Let $\mu$ be a probability measure on a set of $n$ elements and let $p_i$ be the measure of the $i$-th element. Its Shannon entropy is defined by

$$
E(\mu)=-\sum_{i=1}^np_i\log(p_i)
$$

with the usual convention that $0\cdot(-\infty)=0$.

The following are two fundamental properties:

Property 1: $E(\mu)$ takes its minimum on the Dirac measures.

Property 2: $E(\mu)$ takes its maximum on the uniform probability measure.

Now, for some application, I am really interested in a possible generalization when $\mu$ is a finitely additive probability measure on the natural numbers.
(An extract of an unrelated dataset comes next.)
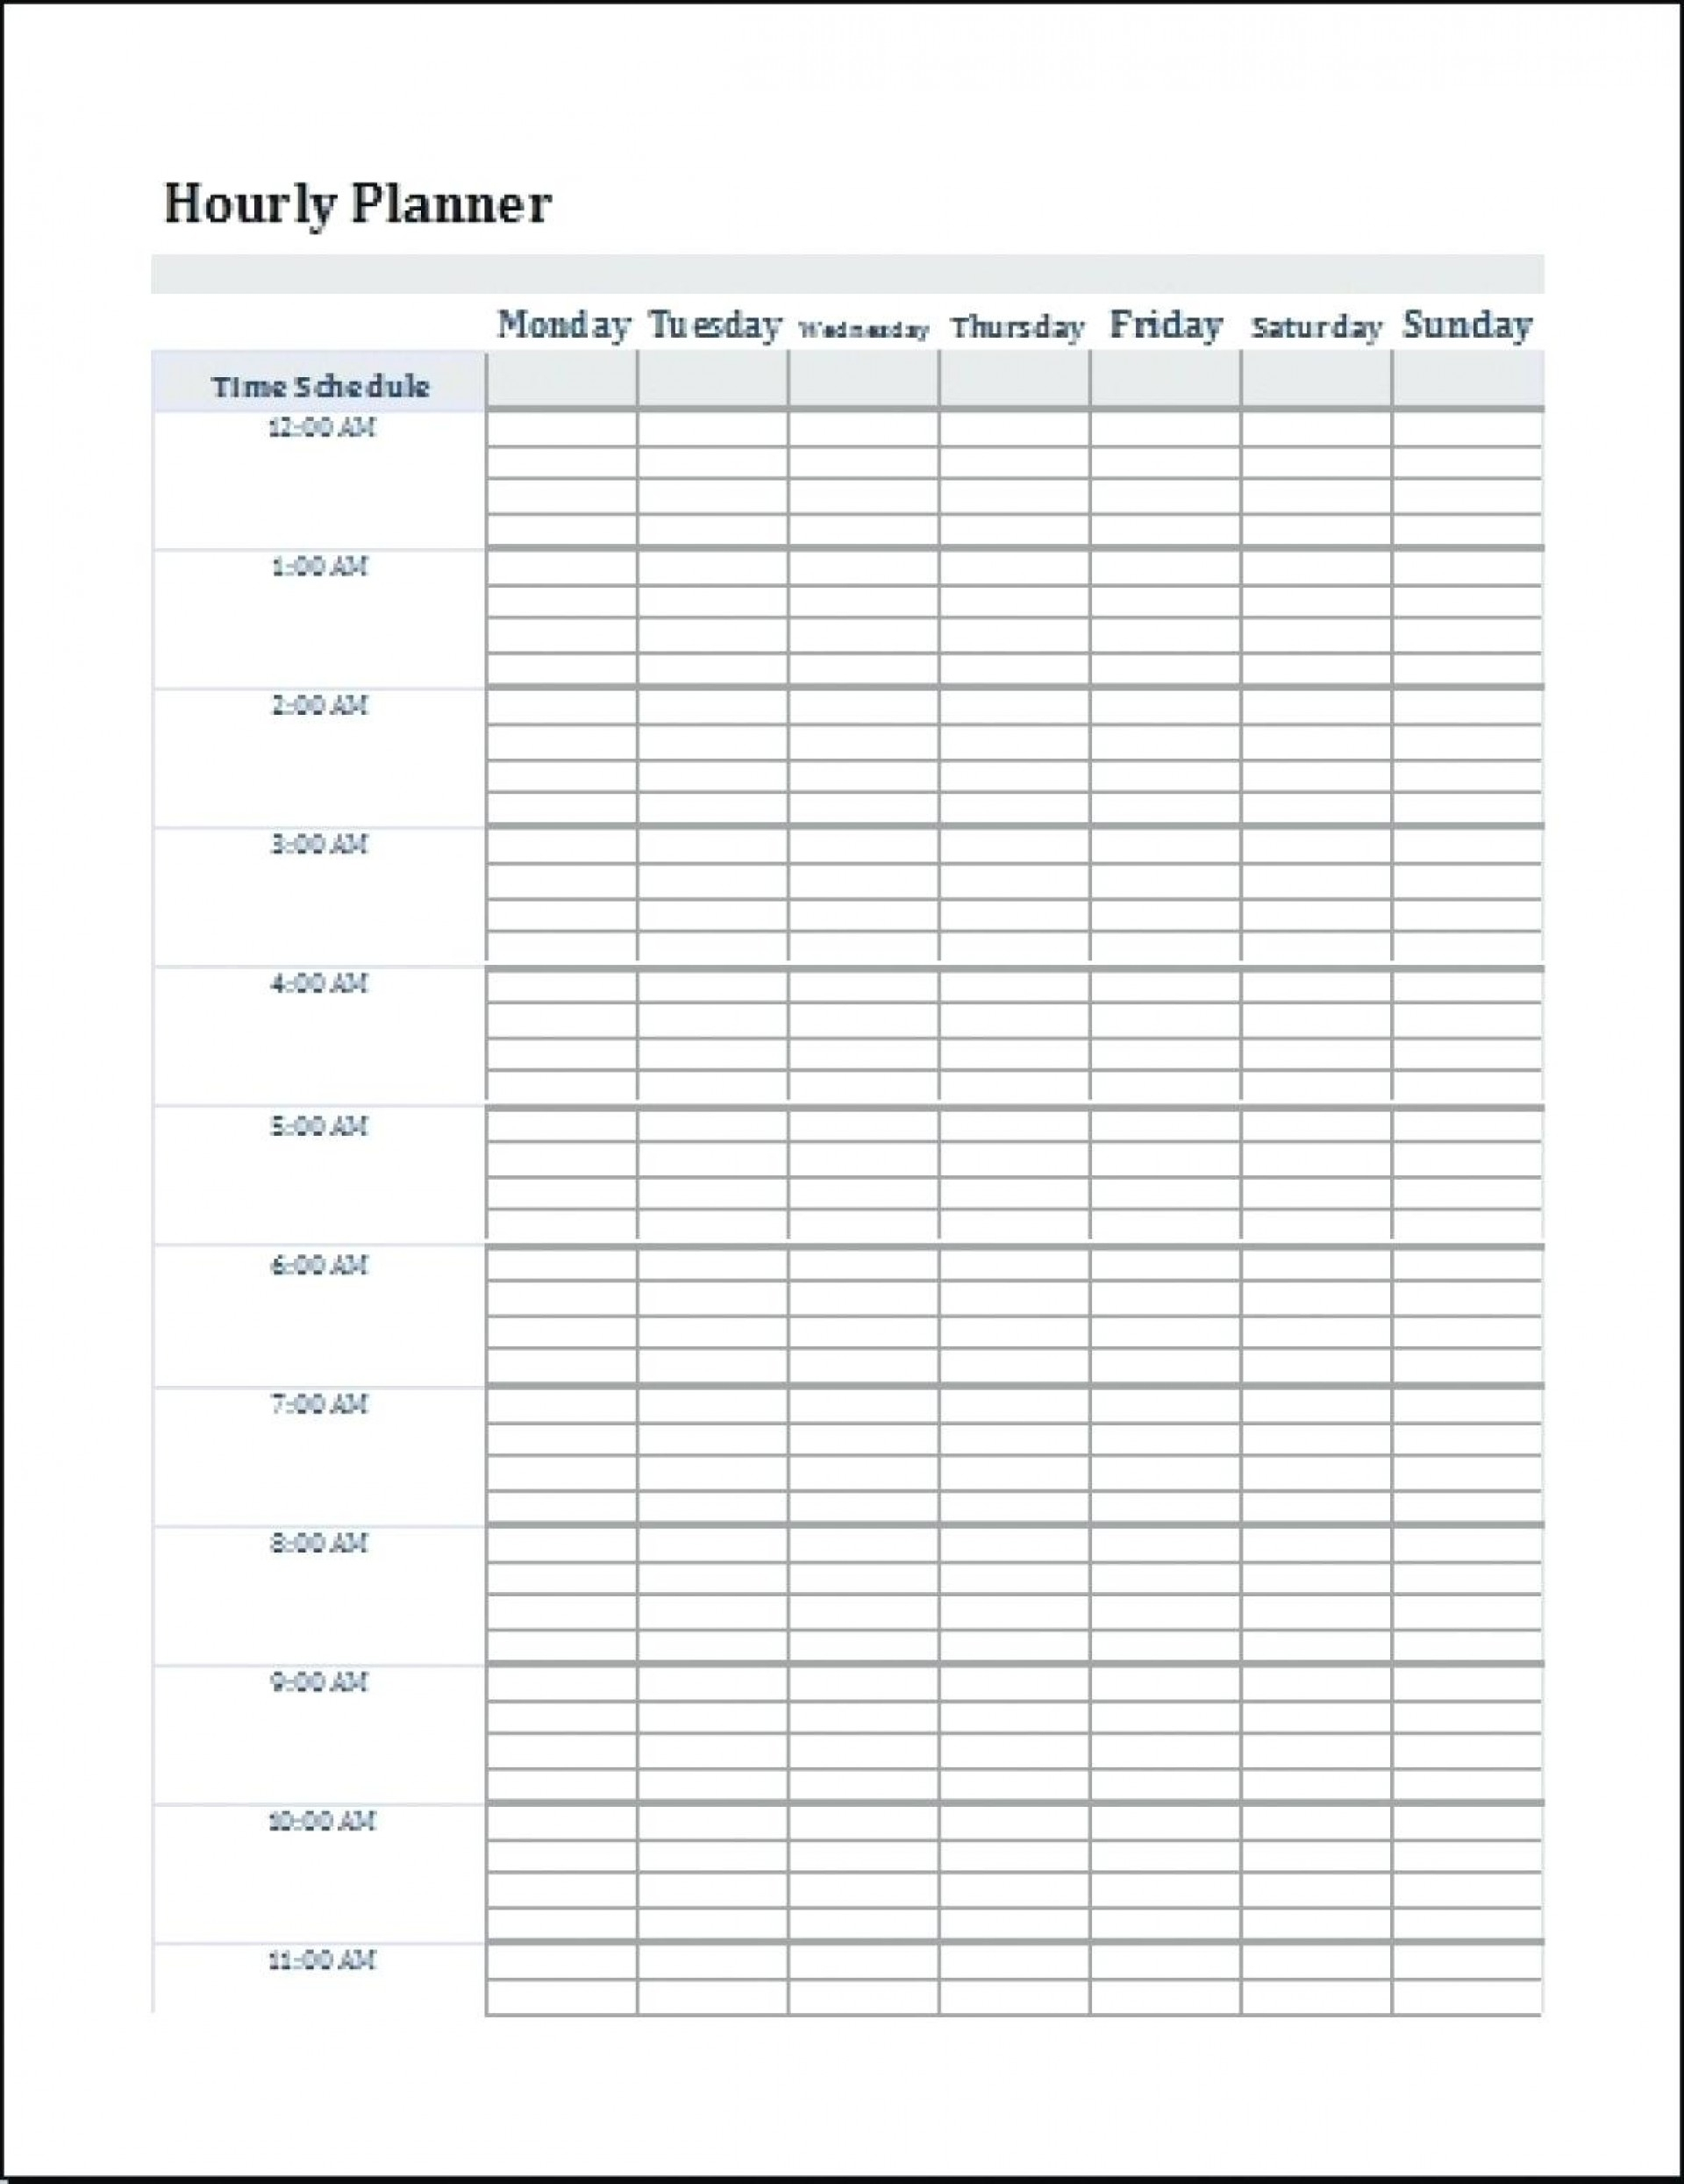 010 Template Ideas Weekly Hourly Schedule Calendar Excel

Question: Is it possible to define a notion of entropy of a finitely additive probability measure on the natural numbers in such a way that it verifies the following properties:

  • it takes its minimum on the Dirac measures
  • it takes its maximum on the finitely additive translation invariant probability measures

Any reference? Idea?

Thanks in advance,

Valerio

Best Answer

I don't know if someone has already defined such entropy and I am not an expert on these things, but (depending what is wanted) I would start with something like $$E(\mu)=\sup\left\{-\sum_{i=1}^n\mu(A_i)\log(\mu(A_i)) : \mathbb{N} = \bigcup_{i=1}^n A_i, A_i \text{ pairwise disjoint}\right\}.$$

Some properties this entropy would have are

  1. It equals the Shannon entropy for measures that are concentrated on finitely many numbers.
  2. It gives value $+\infty$ for finitely additive translation invariant probability measures.
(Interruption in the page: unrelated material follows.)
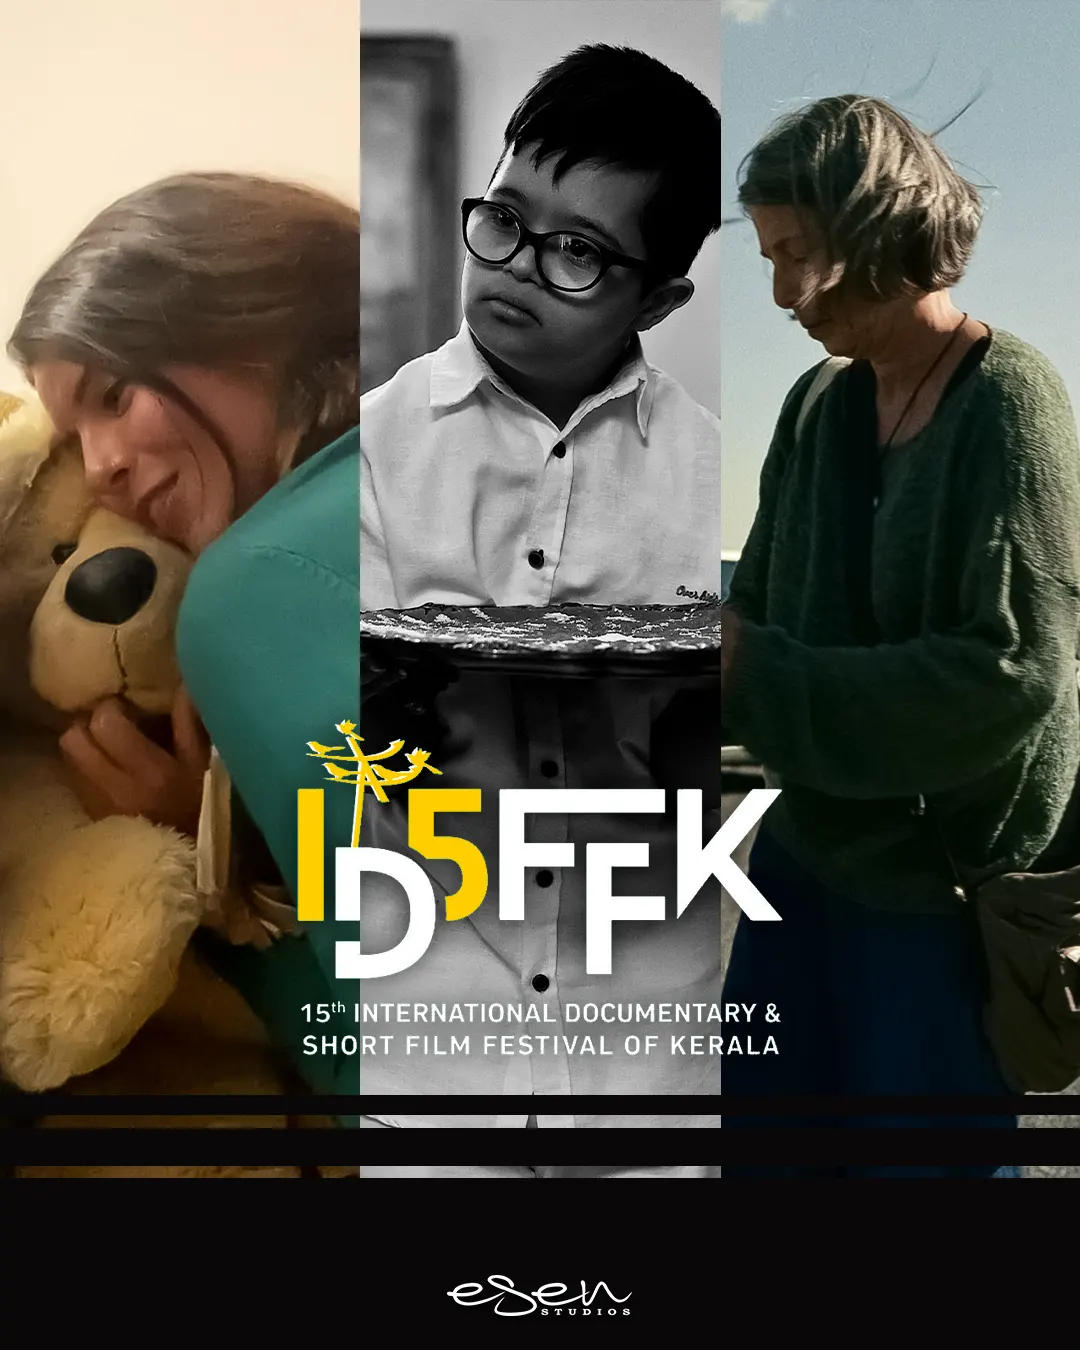 Three short films from Esen Studios distribution at the 15th IDSFFK

A related definition for arbitrary measure spaces $(X,m)$ is the relative Shannon entropy (a.k.a. the Kullback–Leibler divergence) $$E(\mu) = \int_X \frac{d\mu}{dm} \log\left(\frac{d\mu}{dm}\right)dm,$$ where $\frac{d\mu}{dm}$ is the Radon-Nikodym derivative of $\mu$ w.r.t. $m$. One could fix a finitely additive measure $m$ and try to work with that.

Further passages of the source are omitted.